Wehrpflicht – nicht “Sicherheitsdienstpflicht”

Zur vierten Option wabert das unsägliche Wort “Sicherheitsdienstpflicht” durch die Gazetten. Wir müssen mit aller Kraft an der Wehrpflicht festhalten; das ist es, was wir brauchen; das ist es, was die Leute verstehen. “Sicherheitsdienstpflicht” ist ein sperriger Wortdreimaster. Wehrpflicht tut es auch und ist massiv besser.

Was will die vierte Option?

  • Allein Männer bleiben wehrpflichtig gemäss BV Art. 59, Abs.1:Jeder Schweizer ist verpflichtet, Militärdienst zu leisten.”
  • Keine Pflicht für Frauen.
  • Keine Ausländer in der Armee.
  • Armeeauftrag bleibt bestehen gemäss BV Art 58.
  • Zivilschutz und Zivis “werden zu einer Katastrophenschutzorganisation zusammengeführt” – noch so ein Wortdreimaster, womöglich fällt dem VBS noch ein treffenderes Wort ein.
  • Die Armee rekrutiert prioritär den Effektivbestand von 140’000 Mann.
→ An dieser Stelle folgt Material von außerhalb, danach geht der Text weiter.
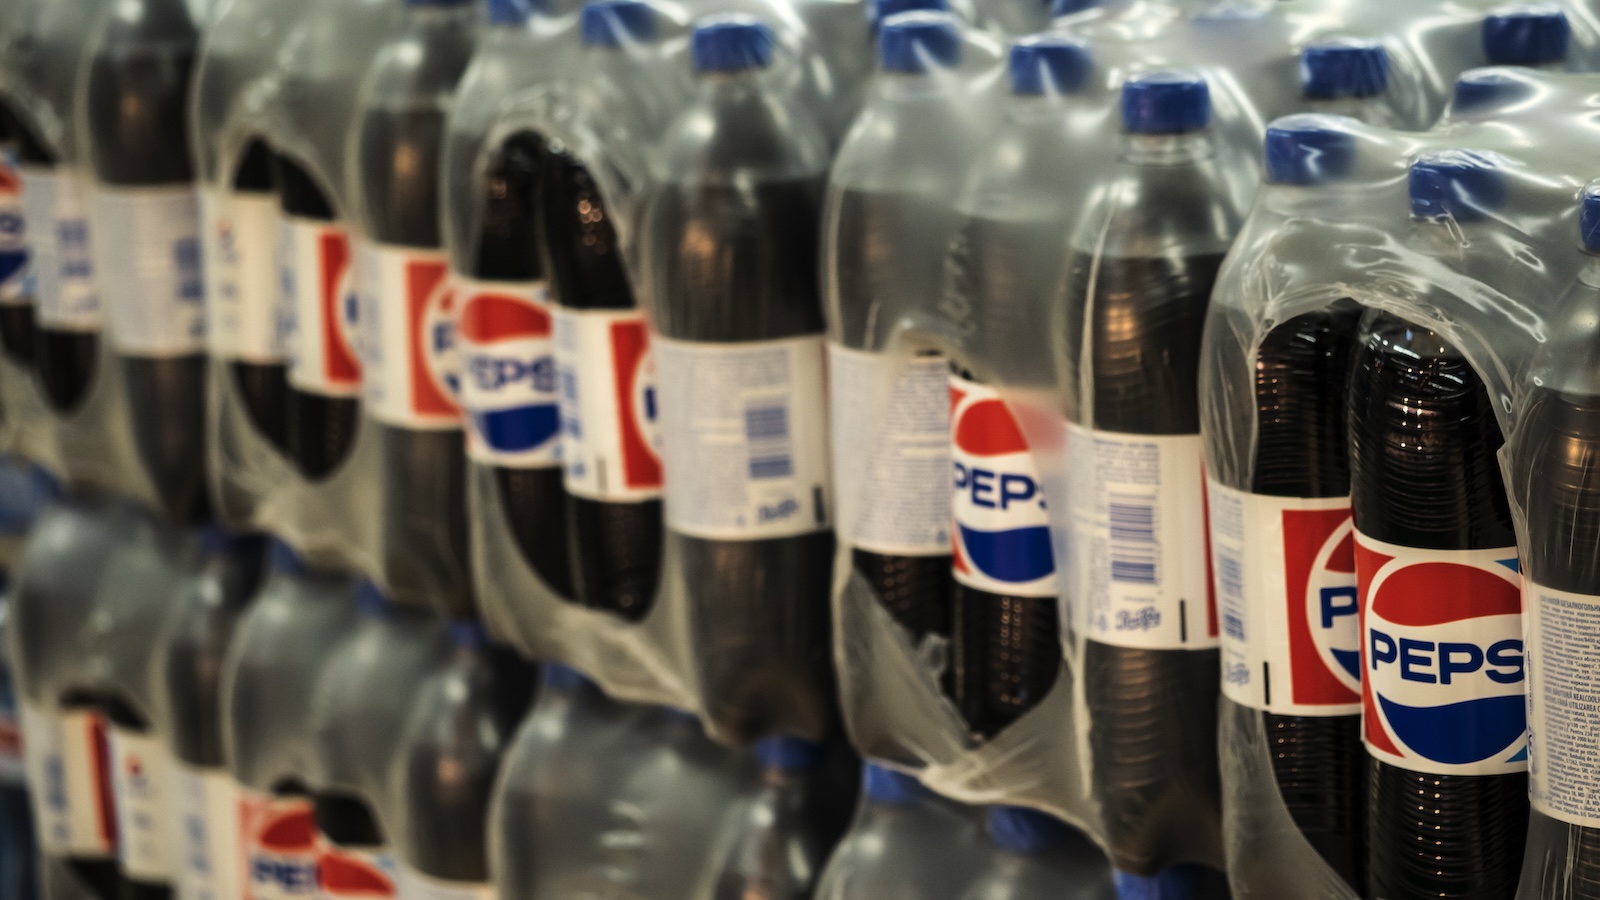 cases of Pepsi bottles

Vorteile der Option Wehrpflicht

  • Die Armee hat Priorität. Ihr Bestand von 140’000 Mann ist garantiert.
  • Die Zivis werden endlich einer geführten Organisation unterstellt. Das bedeutet das Ende der amorphen Masse von derzeit über 60’000 Zivis.
  • Die Kantone stimmen zu. Ihr gravierendes Bestandesproblem beim Zivilschutz ist mindestens numerisch gelöst.
  • Auch staatspolitisch behält die Armee die Oberhand. Ihr geschichtlich in Jahrhunderten gewachsenes Fundament bleibt erhalten.
  • Die Option wird dem Volkswillen gerecht. 2012 hiessen 73% der Stimmenden und alle Stände (auch der Suisse romande) die allg. Wehrpflicht gut.

Missbrauch durch Zivis hätte ausgedient

  • Was sich Zivis leisten, ist gegenüber den jungen Schweizerinnen und Schweizern, die den harten, strengen Militärdienst auf sich nehmen, ein einziger Skandal. Ein Bild sagt mehr als 1000 Worte:

 

15 Uhr, Zivis am Seerhein. Angeblich betreiben sie ornithologische Studien im deutschen Wollmatinger Ried. Bald zotteln sie ab, in den Feierabend zu Muttern.

  • Wie sich die NZZ den “Dienst” der Zivis vorstellt, offenbart sie in einem unsäglich dummen Leitartikel. Der Autor, glühender Fürsprecher des Bürgerdienstes, will den Widerstand des gelernten Fachpersonals in Spitälern und Altersheimen vermeiden und schlägt doch tatsächlich als edlen “Dienst” vor: Der Zivi könnte ja im Altersheim Romane vorlesen. Ein Hohn für jede Frau und jeden Mann, der Militärdienst leistet!
  • Keine Antwort finden die Bürgerdienst-Advokaten zur Wettbewerbsverzerrung, die der Zivildienst zwangsläufig mit sich bringt: Welcher Bauer erhält einen Zivi? Welcher nicht? Welche Firma, welches Heim und so weiter?

Mit Waffe Armee, ohne Waffe Zivilschutz

  • Straff geführt, würde der vorgeschlagene Katastrophenhilfsdienst solchem Missbrauch den Riegel schieben. Allerdings käme auf die Zivilschutz-Führung eine Herausforderung zu: Neu unterstünde ihr nicht mehr nur der tüchtige Zivilschutz, sondern auch die (noch) amorphe Masse von Zehntausenden Zivis.
  • Zu vernehmen sind Vorschläge zur vertiefen Ausbildung der Zivilschutz-Majore und -Hauptleute; sobald diese aber eidg. Charakter annähmen, ist mit Widerstand aus Kantonen zu rechnen.
  • Die Idee der Fusion entspricht einem Vorschlag, den der kluge ex-Kommandant der Ter Div 4, Divisionär Kellerhals, vor langer Zeit schon äusserte: Wer zum Dienst mit der Waffe bereit ist, leistet Militärdienst. Wer nicht, kommt zum Zivilschutz; will aktuell heissen: zum erweiterten, mit dem Zivildienst fusionierten Zivilschutz.